The story opens on a classroom with a teacher who was waiting for the bell to ring. She had been experiencing pain and was under a new treatment regimen, hoping it would work, but just before the bell rang, she began smelling garbage, felt a stabbing pain in her head, hallucinated and collapsed screaming on the classroom floor. Diagnosed with a stroke, she taken to a nursing facility, never to teach again.
In a classroom in east LA, another teacher, Judith Sheffield, ends her summer school session running from boys who threatened her in the school. She escapes wondering what it was she went into teaching for and grateful she has six weeks off before it starts again. When Judith arrives home she receives a phone call from her Aunt Rita, inviting her to move back to New Mexico and teach in the school she attended as a child due to the loss of her childhood teacher to the stroke.She accepts.
When she arrives, she finds the town hasn't changed since she left. Her aunt and uncle still run the hydroelectric plant that provides most of the jobs for the town. She also discovers her aunt's nephew is the town doctor, which she admires, since he went to ivy league colleges and could have practiced anywhere. But she also finds that the the hydroelectric plant is in serious financial difficulties and a large conglomerate wants to buy it.She hooks up with old friends like Frank, the union boss at the plant, and finds she'll teach his son Jed, whom she used to babysit. Jed is half Native American and he is frequently treated badly because of it.
As the book goes on, she gets to know the students and their families. She helps Jed hook up with his grandfather, who is Native America, and somewhat of a shaman. This hookup brings Jed the ability to "know" things are going to happen as his grandfather can see them happen.
Then her uncle dies while investigating shoddy maintenance at the plant, also smelling garbage first. His nephew sells it to the conglomerate. Soon, Frank, is questioning the new company, and holds a union meeting. He, too, has a stoke after smelling garbage. Judith and her aunt Rita begin to suspect the company killed them both, then Rita dies in a mysterious fire.

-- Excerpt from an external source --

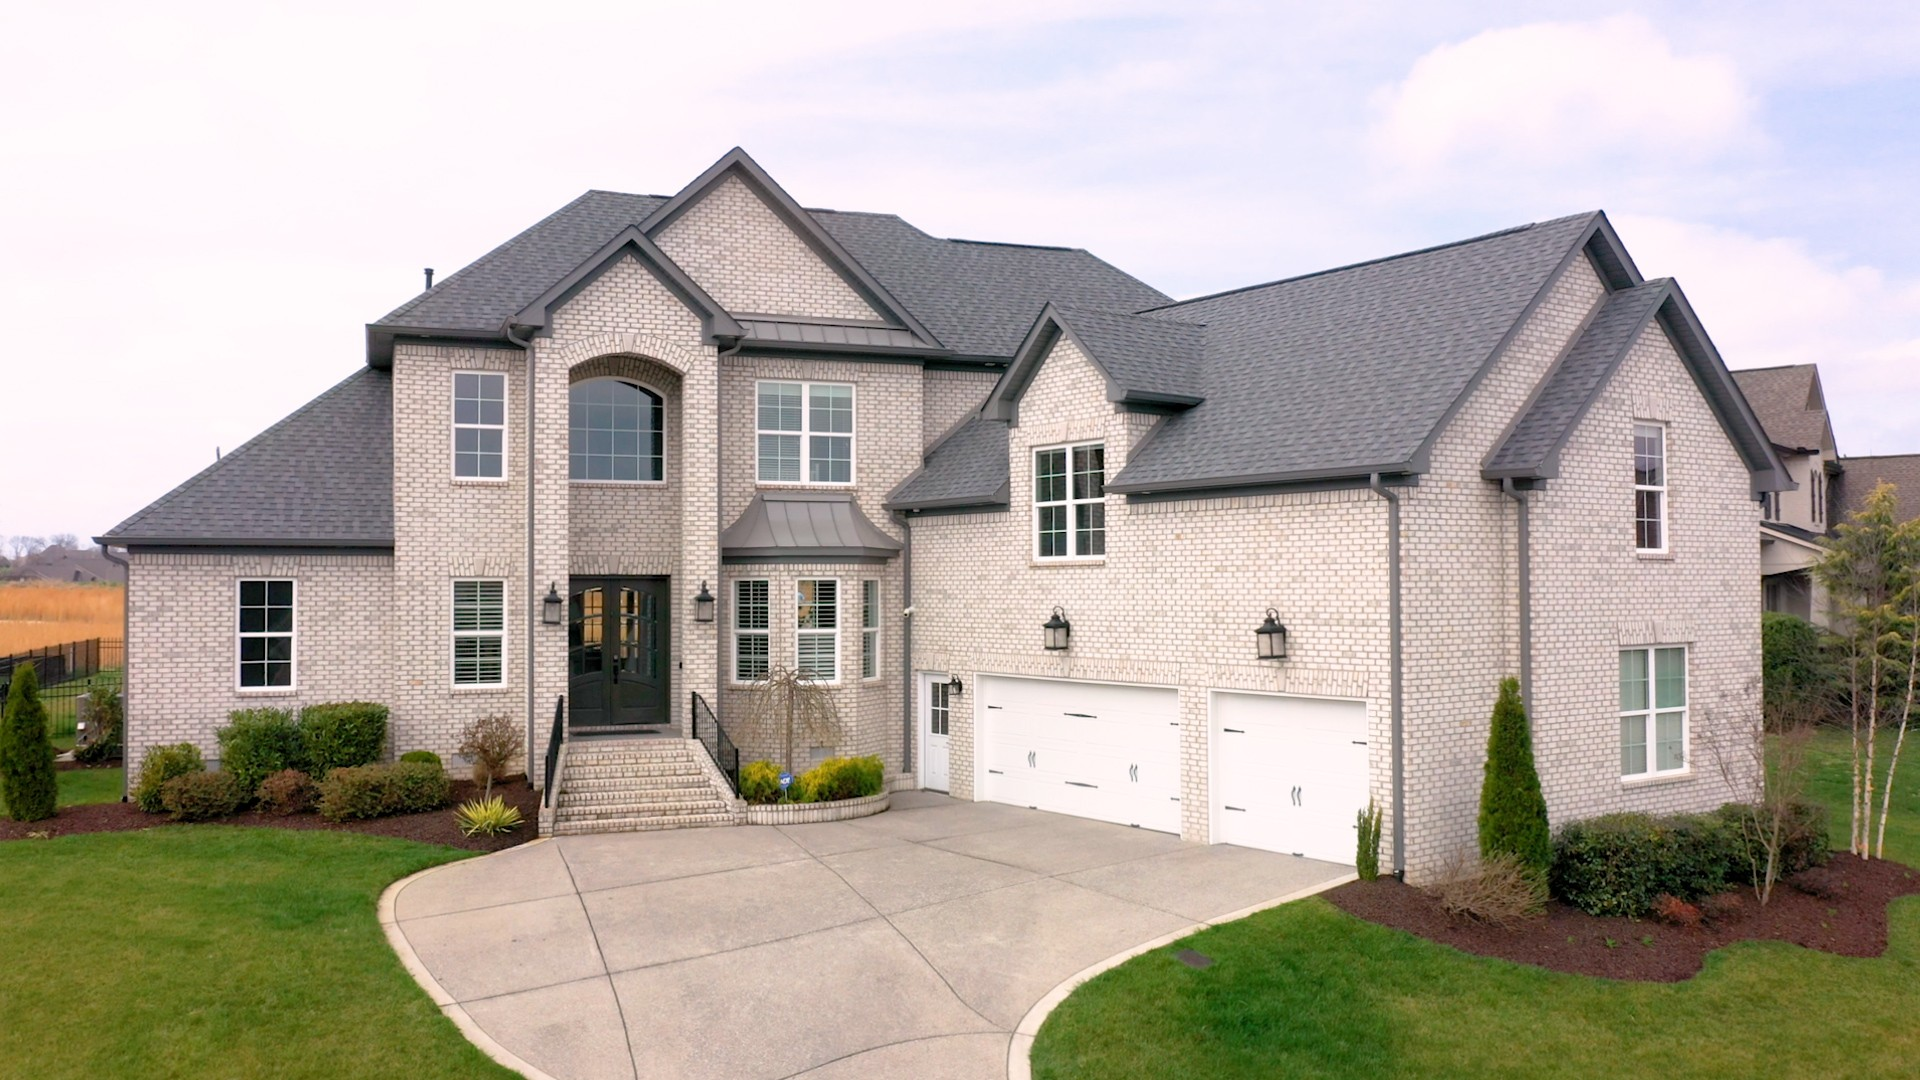 1069 Albatross Way Property Photo - Gallatin, TN real estate listing

In the meantime, students she identified as troublemakers start exhibiting robotic and cooperative behavior shortly after getting company-supplied flu shots. She advises Jed against the shot and steals one of them to have it investigated by a scientist friend at Los Alamos. Then the first teenage suicide happens. A girl walked out of her house in the middle of the night and walked off a cliff. As the deaths pile up, Jed notices they are all "troublemakers."
The rest of the book deals with the company trying to stop Judith's investigation, Jed pretending he had a flu shot and acting like a robot to spy on the company, his growing powers of sight and his changing attitudes due to reconnecting with his grandfather, the scientist's efforts to find out just what the flu shot was, and their joint efforts to stop it all.
Best part of story, including ending:
I liked the Native American aspect of it and how it was interwoven into the storyline; the grandfather who shows up out of nowhere, the native story about the eagle who lost his nesting place when they built the dam, and the ceremonial sweat house.
Best scene in story:
My favorite scene is when the evil plant manager is unnerved by the old Native American who seems to be staring straight at him from a huge distance.
Opinion about the main character:
I like that she is a teacher that genuinely cares about the kids enough to put her job and her life on the line for them.